Using a local regular expression without /g. The string object match method will return an array containing

  • entire matched string

  • along with matches captured in regular expressions but for the first match only

const html = "<div class='test'><b>Hello</b> <i>world!</i></div>";
const result = html.match(/<(\/?)(\w+)([^>]+?)>/);
result: [ '<div class=\'test\'>', '', 'div', ' class=\'test\'' ]

Match segment doesn't work with global

💡
() or without() is the same thing

Using match with speard JS operation

JS has a standard class for representing dates

console.log(new Date());
//Wed Dec 27 2023 11:09:17 GMT+0700 (Indochina Time)
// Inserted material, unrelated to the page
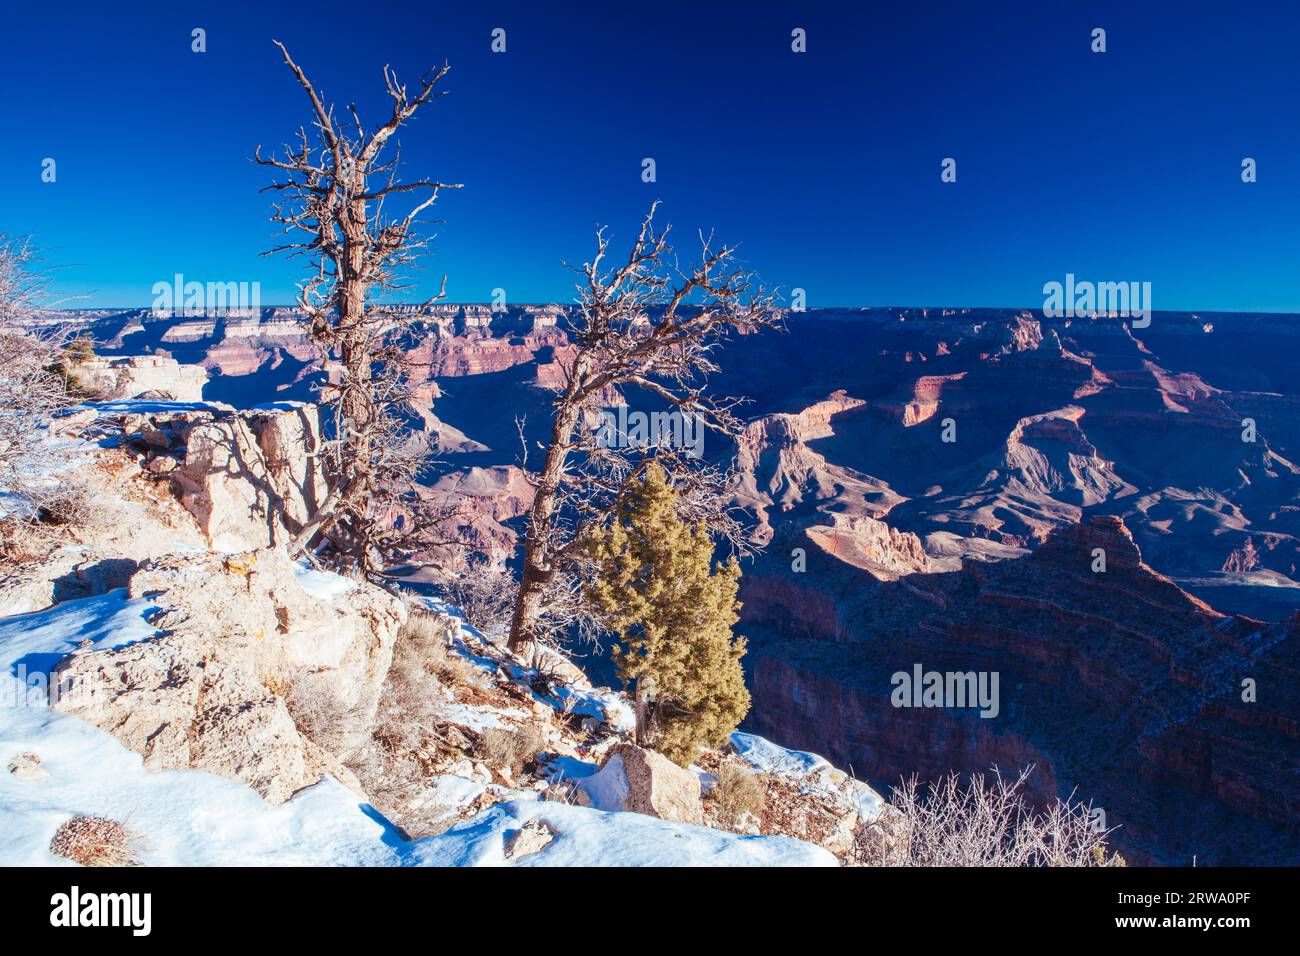 Vue imprenable en journée en hiver autour de Grandview point dans le Grand Canyon, Arizona, États-Unis Banque D'Images

// console.log(new Date(2009, 11, 9));
// → Wed Dec 09 2009 00:00:00 GMT+0100 (CET) 

//console.log(new Date(2009, 11, 9, 12, 59, 59, 999)); 
// → Wed Dec 09 2009 12:59:59 GMT+0100 (CET)Referencing captures
💡
JS uses a convention where the month number starts at 0 (11 is December) and the date number starts at 1. It's really confusing

We can do it better

function getDate(string) {
    const [_,month,day,year]= /(\d{1,2})-(\d{1,2})-(\d{4})/.exec(string);
    return new Date(year,month-1,day);
}
console.log(getDate("1-30-2003"));
// → Thu Jan 30 2003 00:00:00 GMT+0100 (CET)

Capture reference within the replace string

In this code, the value of the first capture (in this case, the capital letter F) is referenced in the replace string (via $1). This allows us to specify a replacement string without even knowing what its value will be until matching time. That’s a powerful ninja-esque weapon to wield.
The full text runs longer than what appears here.